Categories Analysis, Consumer

Constellation Brands’ Q2 results likely to benefit from strong beer sales

The company expects beer sales to increase 7-9% and operating income from that business to grow in double-digits in fiscal 2025

There has been a steady increase in demand for the popular beer brands of Constellation Brands, Inc. (NYSE: STZ) lately, including Modelo and Corona, driving revenue growth and boosting profitability. The trend is expected to have continued into the second quarter, and the results will be published on October 3, before markets open.

After hitting an all-time high in March this year, shares of the beverage giant retreated and have gone through a series of ups and downs since then. The stock has been maintaining an uptrend over the past month, reflecting positive investor sentiment in the runup to next week’s earnings. It has gained about 7% so far this year and looks on track to cross the $300 mark in the coming months. Considering STZ’s favorable valuation compared to its industry peers and the firm’s positive financial performance, it would be prudent to add it to the watchlist.

Estimates

When the company reports August-quarter results, Wall Street will be looking for a net income of $4.09 per share, representing an 11% year-over-year increase. The consensus sales estimate for the second quarter is $2.9 billion, compared to $2.84 billion in the same period last year. Interestingly, Constellation Brands has delivered better-than-expected quarterly earnings consistently for over a year.

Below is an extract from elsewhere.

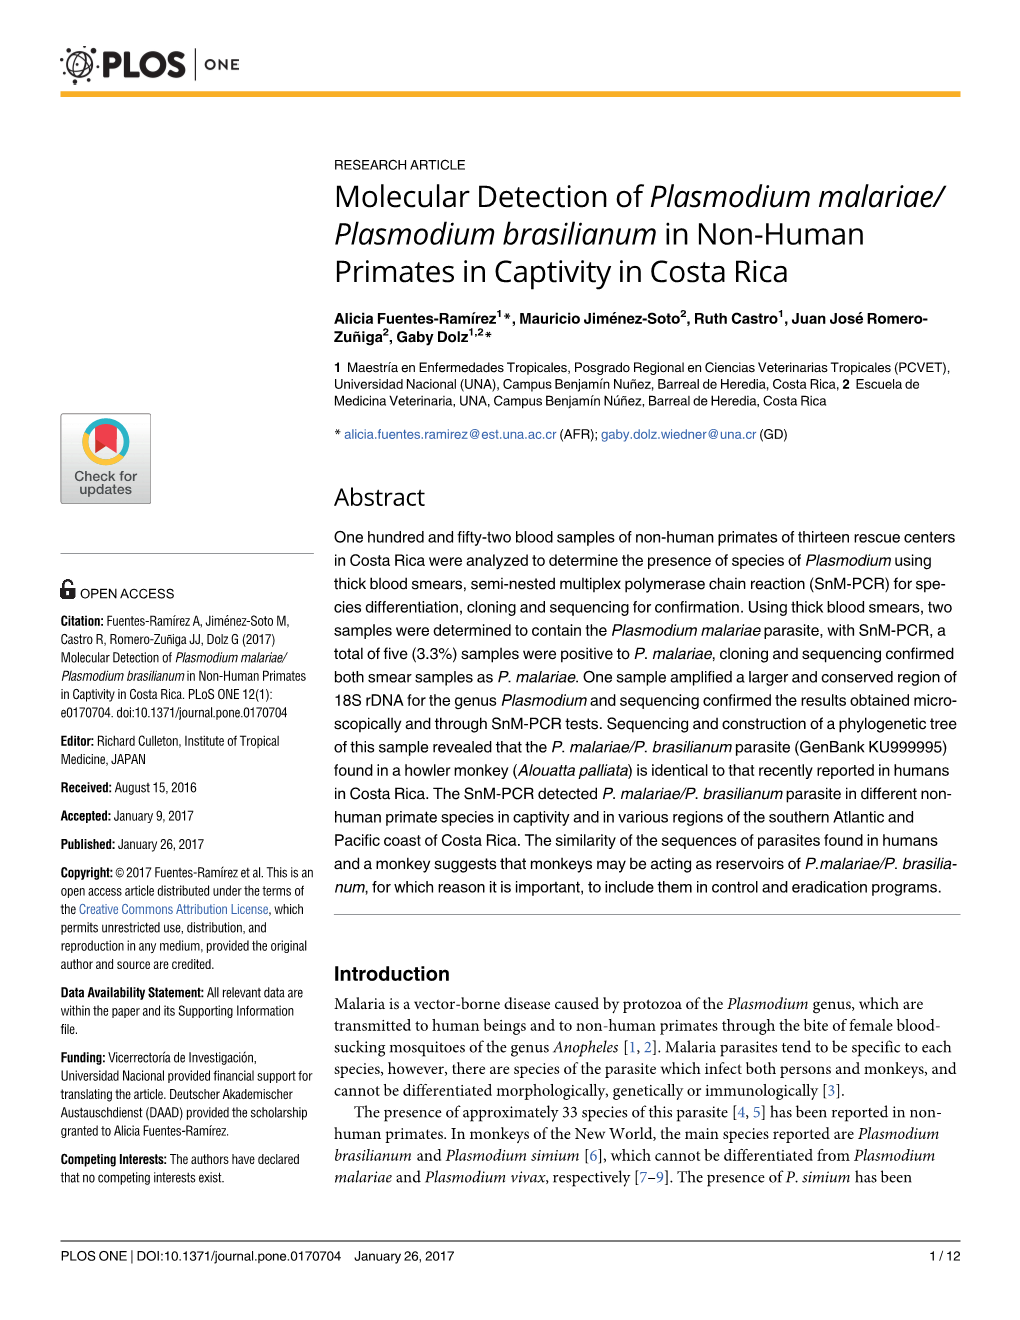 Molecular Detection of Plasmodium Malariae/Plasmodium Brasilianum

The company has a good track record of innovating the business with a focus on aligning the portfolio with changing customer preferences. Of late, there has been a steady increase in beer shipments, reflecting the shift in people’s consumption behavior. That, combined with higher pricing, translated into a surge in the company’s earnings in recent quarters. Healthy cash flows enable it to effectively deploy capital and execute growth initiatives like international expansion and acquisition of new businesses.

Top Brewer

The broad portfolio and powerful brands give Constellation a clear edge over other alcohol companies. Earlier this year, the company acquired California-based winery Sea Smoke as part of boosting its higher-end wine portfolio. The deal is significant considering the ongoing consumer-led premiumization trends through its higher-end wine and spirit brands. The company is working to advance the wine and spirits business over the coming years but sees a 9-11% drop in operating margin for that business in the current fiscal year.

From Constellation Brands’ Q1 2025 earnings call:

“The tactical investments in the 11 brands that represent 75% of net sales and over 80% of volumes for our wine and spirits business in fiscal ’24 are now underway. And, we expect to see improvements in the select group of our most scaled offerings over the remainder of the year, ultimately underpinning the relatively stable net sales outlook for that business in fiscal ’25. However, these incremental investments did have a near-term impact on the operating income, which declined 25% in the first quarter.”

Q1 Outcome

In the first three months of fiscal 2025, sales rose 6% annually to $2.6 billion and came in line with estimates. An 8% increase in beer sales more than offset weakness in wine and spirits sales. Net income more than doubled year-over-year to $877 million or $4.78 per share during the three months.

This week, Constellation Brands’ stock mostly traded above its long-term average, gaining momentum ahead of the earnings. It traded higher on Friday afternoon, after opening the session around $255.